# 750-8212 (PFC200) lässt sich nicht über Wago Ethernet Settings konfigurieren



## WUEST (12 März 2019)

Hallo,
ich habe folgendes Problem. Es klingt erstmal sehr banal und zwar kann ich meine Wago 750-8212 nicht über Ethernet Settings konfigurieren. Ich habe alle Schritte nach Handbuch befolgt und habe das mit anderen SPS auch schon viele Male erfolgreich getan. Meine SPS ist also über das Kommunikationskabel an meinen PC angeschlossen, die Version 6.8.2 von Ethernet Settings ist installiert und ebenso der Kabeltreiber. Nun kann ich meine SPS auch lesen und erkennt sie.

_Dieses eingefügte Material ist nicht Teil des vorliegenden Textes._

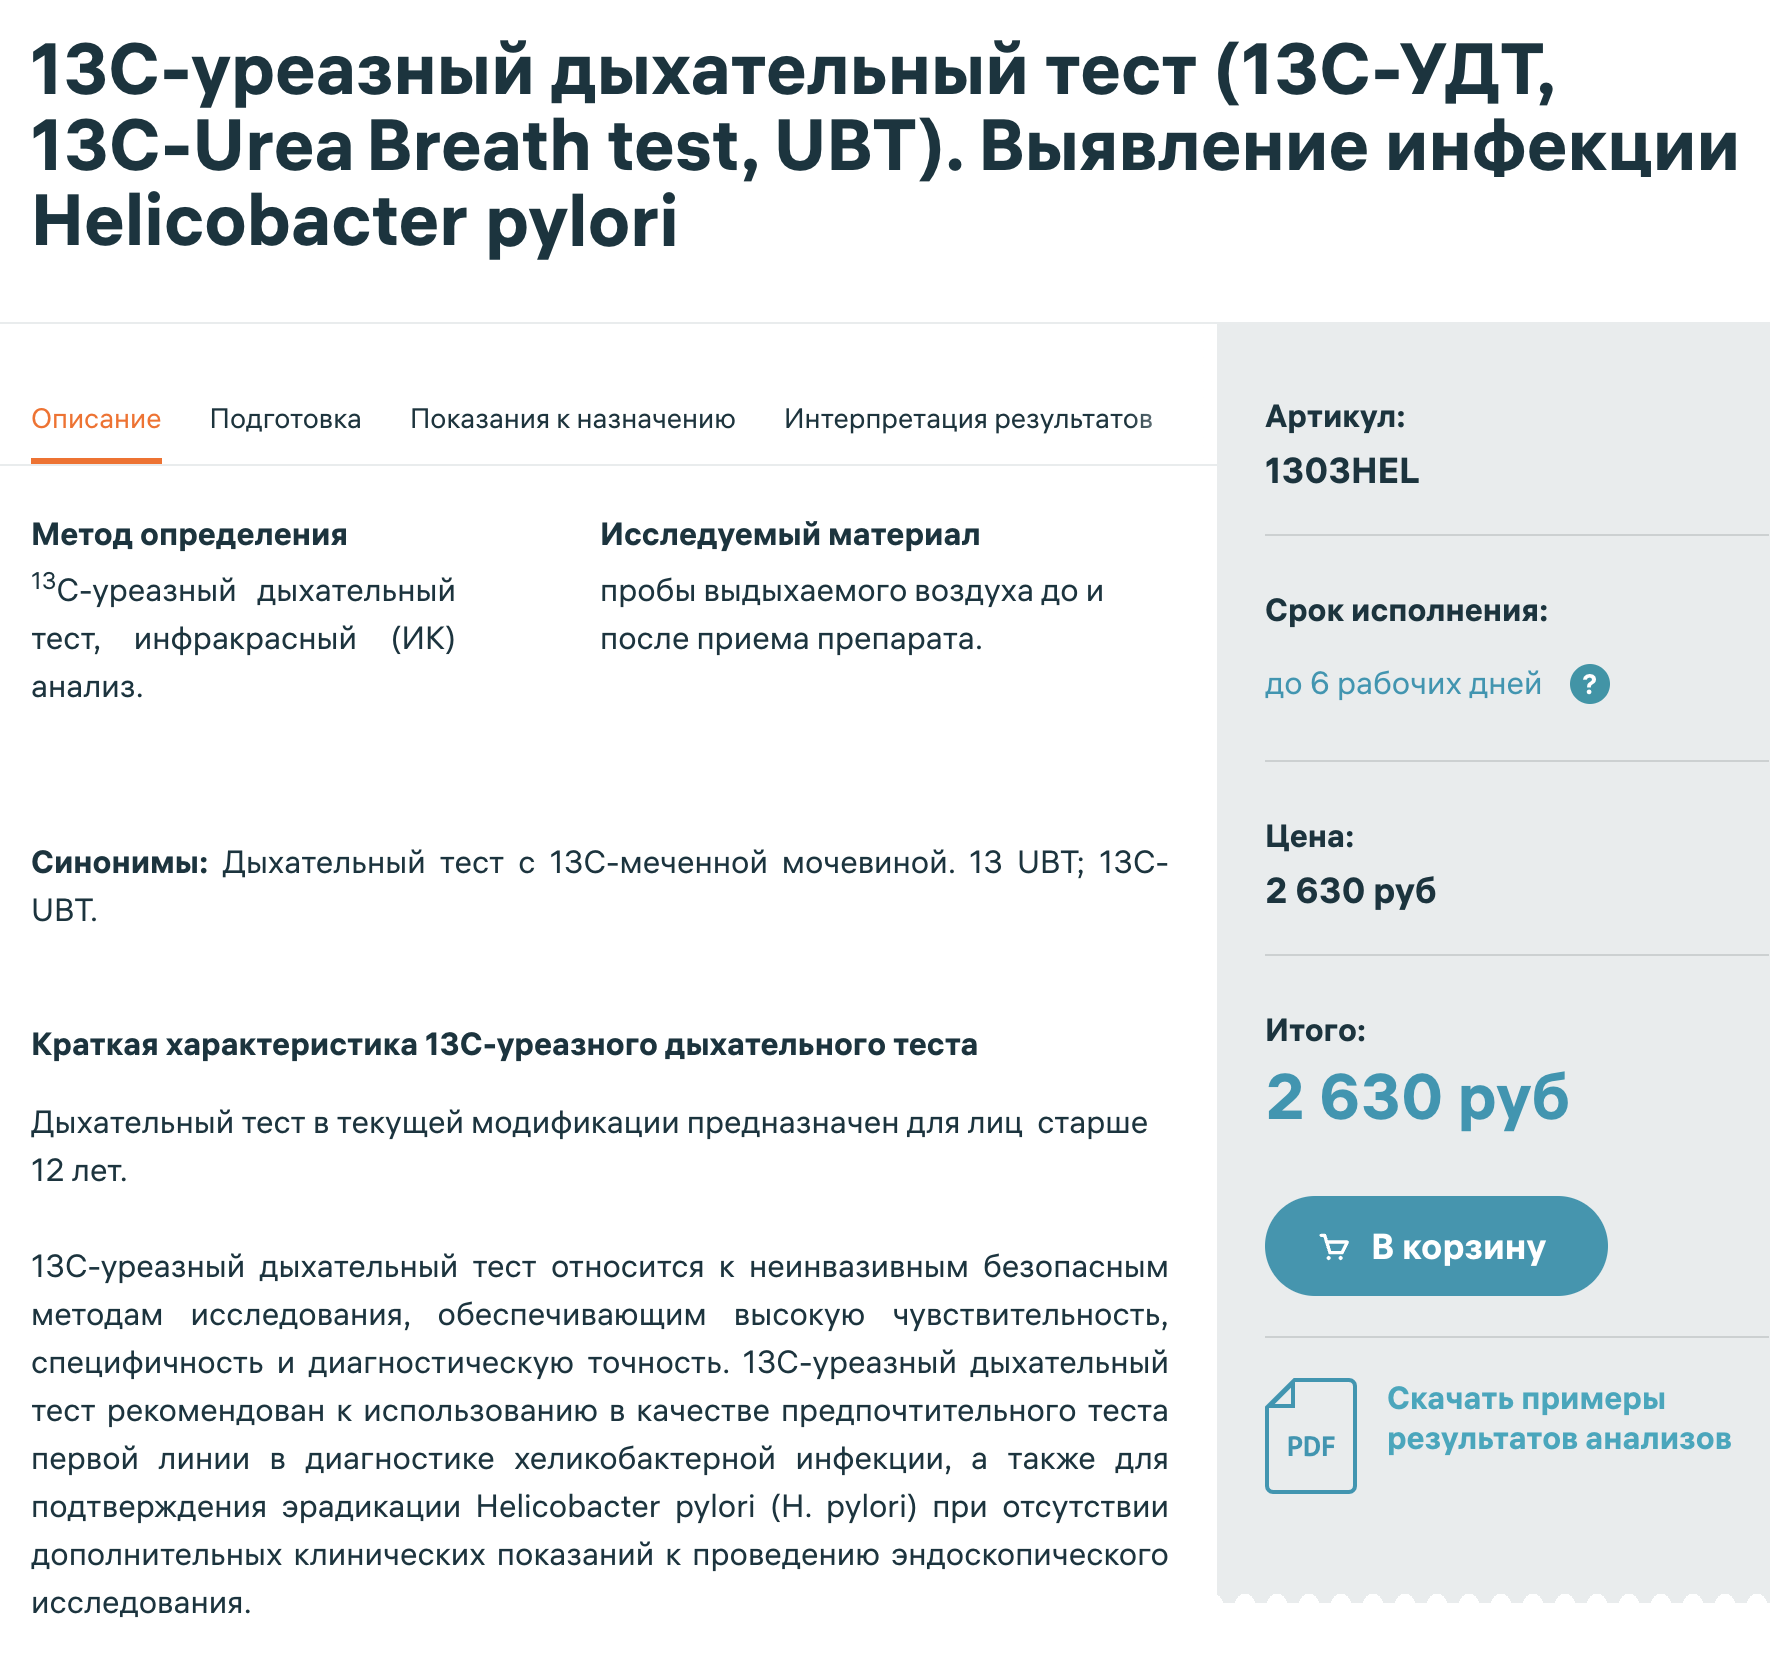 В частных лабораториях дыхательный тест на хеликобактер пилори стоит от 2500 ₽. Источник: invitro.ru

Allerdings ist die IP nicht konfiguriert und es fehlt der Reiter Netzwerke um diese einzustellen (siehe Anhang). Ich bin etwas ratlos woran das liegen kann. Hat jemand eine Idee oder ähnliche Erfahrungen gemacht?
Ich würde mich freuen, wenn mir jemand helfen kann!


----------



## dingo (12 März 2019)

Möglicherweise ist der Port für Ethernetsettings im Controller deaktiviert.
Mit Ethernetsettings kannst Du Wago Controller im Netz suchen lassen, vielleicht hast Du Glück, kannst so die IP Adresse des Controller anzeigen lassen.
Dann in der Weboberfläche des Controller den Port wieder aktivieren, glaube im Reiter Firewall...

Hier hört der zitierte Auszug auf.